**What the task requires:**
Go to the line with "Tiến sĩ Nguyễn" in the records below, then output it and each following line exactly, up to and including the line with "Aussichtsterasse ades Restaurants". Skip pictures and add nothing.

[[ Entries shown open ]]

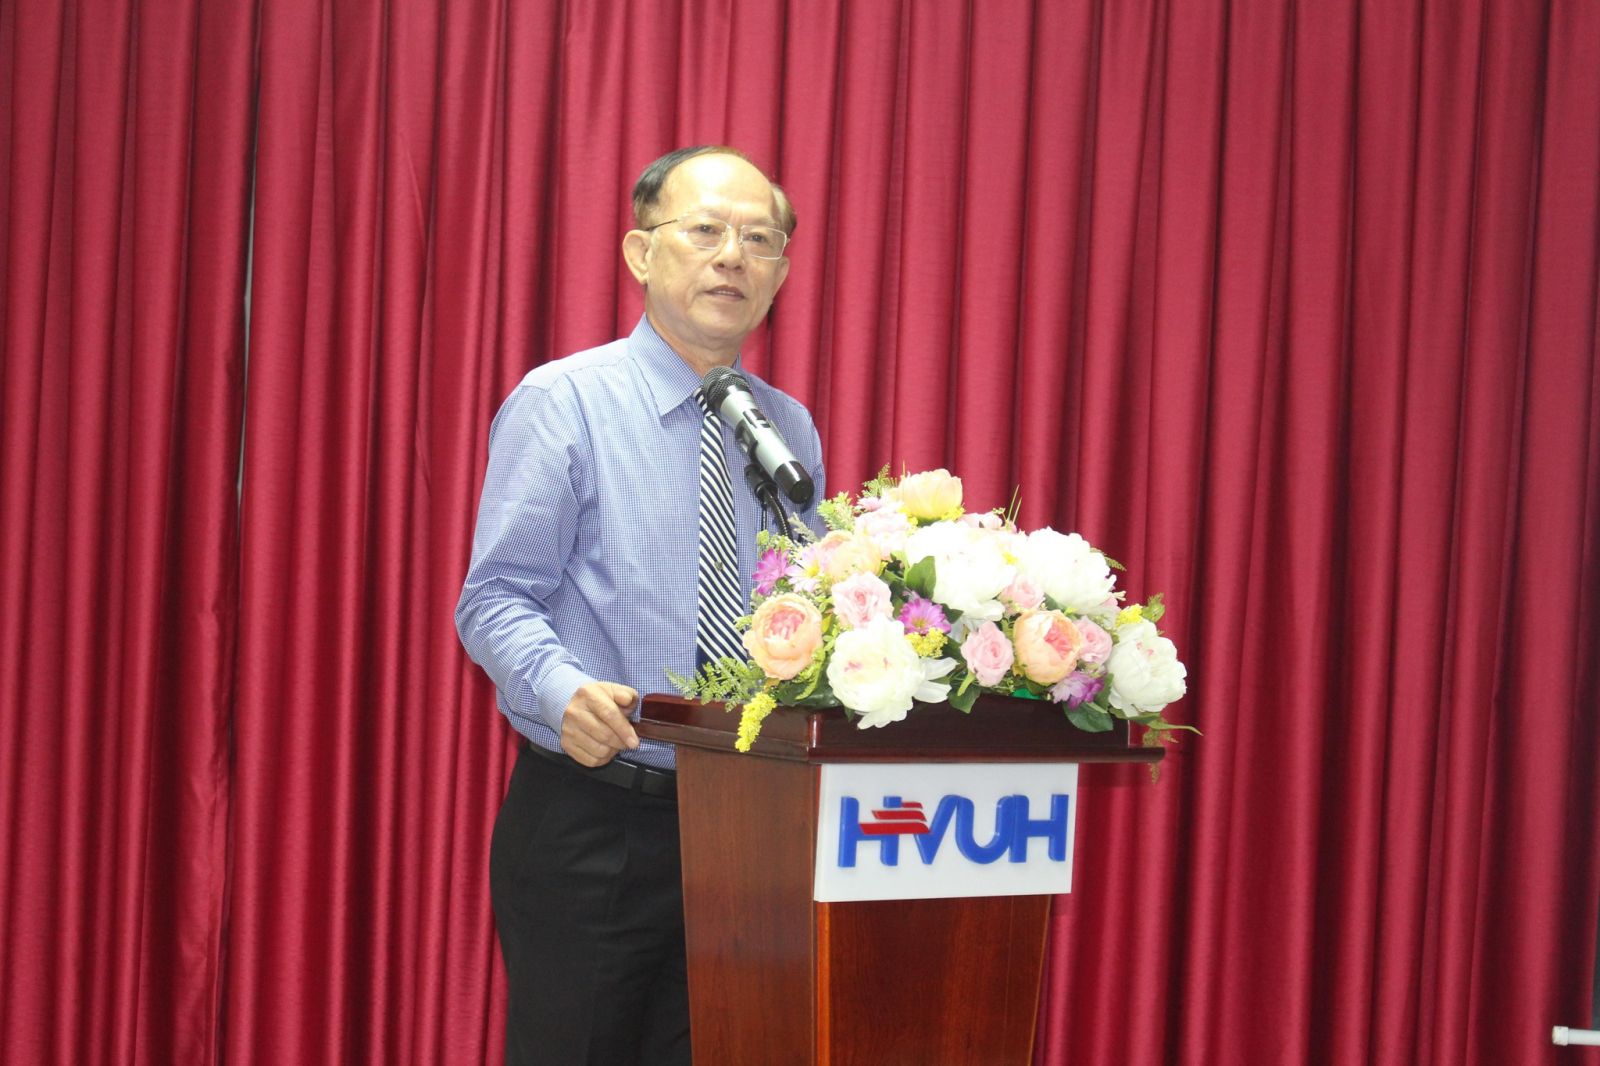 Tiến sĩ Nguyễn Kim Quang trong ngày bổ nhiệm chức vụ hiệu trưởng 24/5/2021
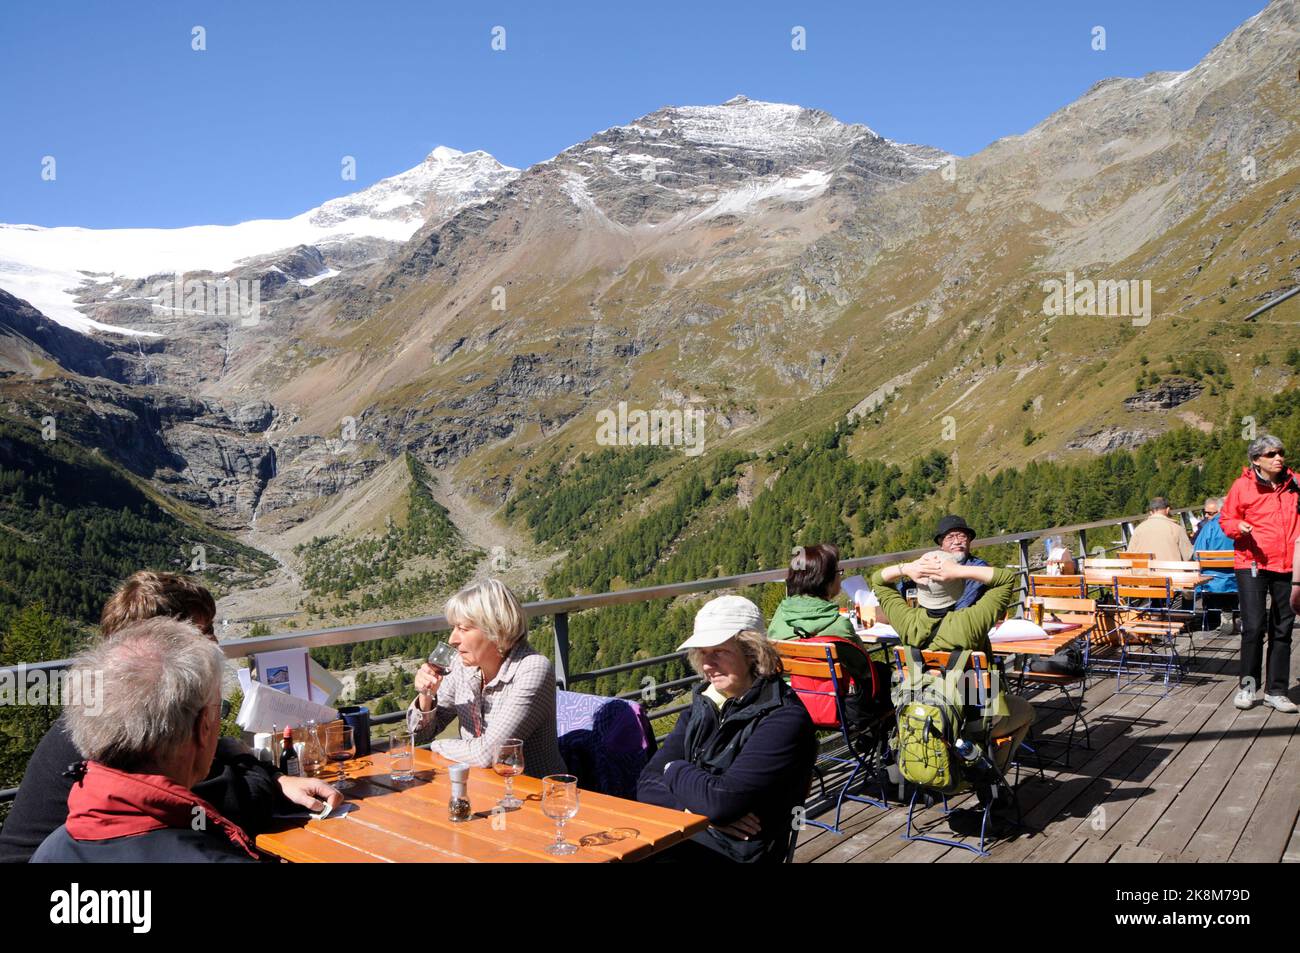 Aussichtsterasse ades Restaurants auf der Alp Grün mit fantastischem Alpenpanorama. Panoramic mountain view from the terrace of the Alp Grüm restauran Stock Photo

[[ Entries shown closed ]]
[[ Entries shown open ]]

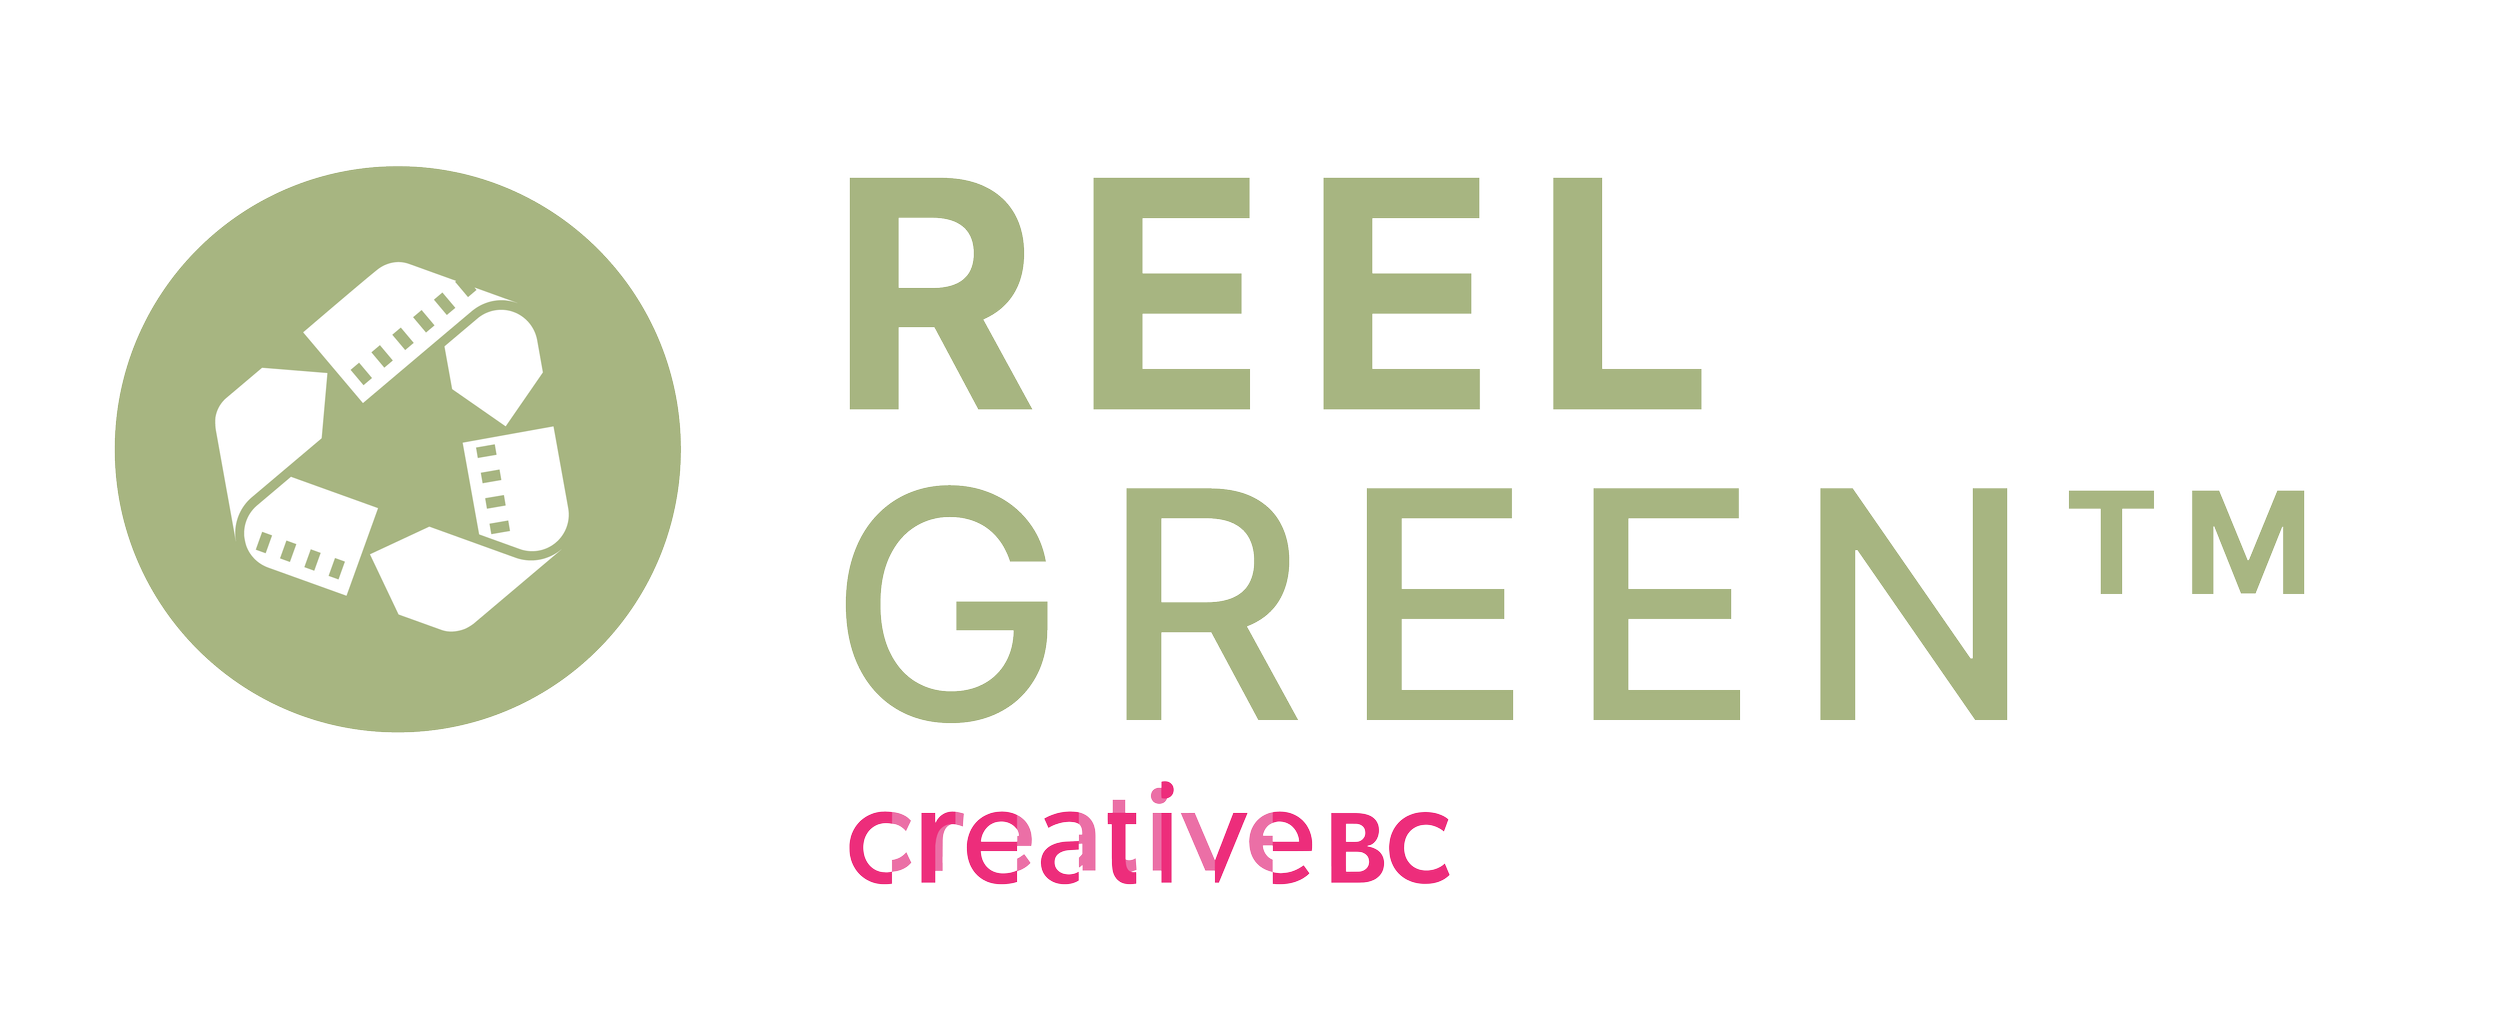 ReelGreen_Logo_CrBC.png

[[ Entries shown closed ]]

**Result:**
 Tiến sĩ Nguyễn Kim Quang trong ngày bổ nhiệm chức vụ hiệu trưởng 24/5/2021
 Aussichtsterasse ades Restaurants auf der Alp Grün mit fantastischem Alpenpanorama. Panoramic mountain view from the terrace of the Alp Grüm restauran Stock Photo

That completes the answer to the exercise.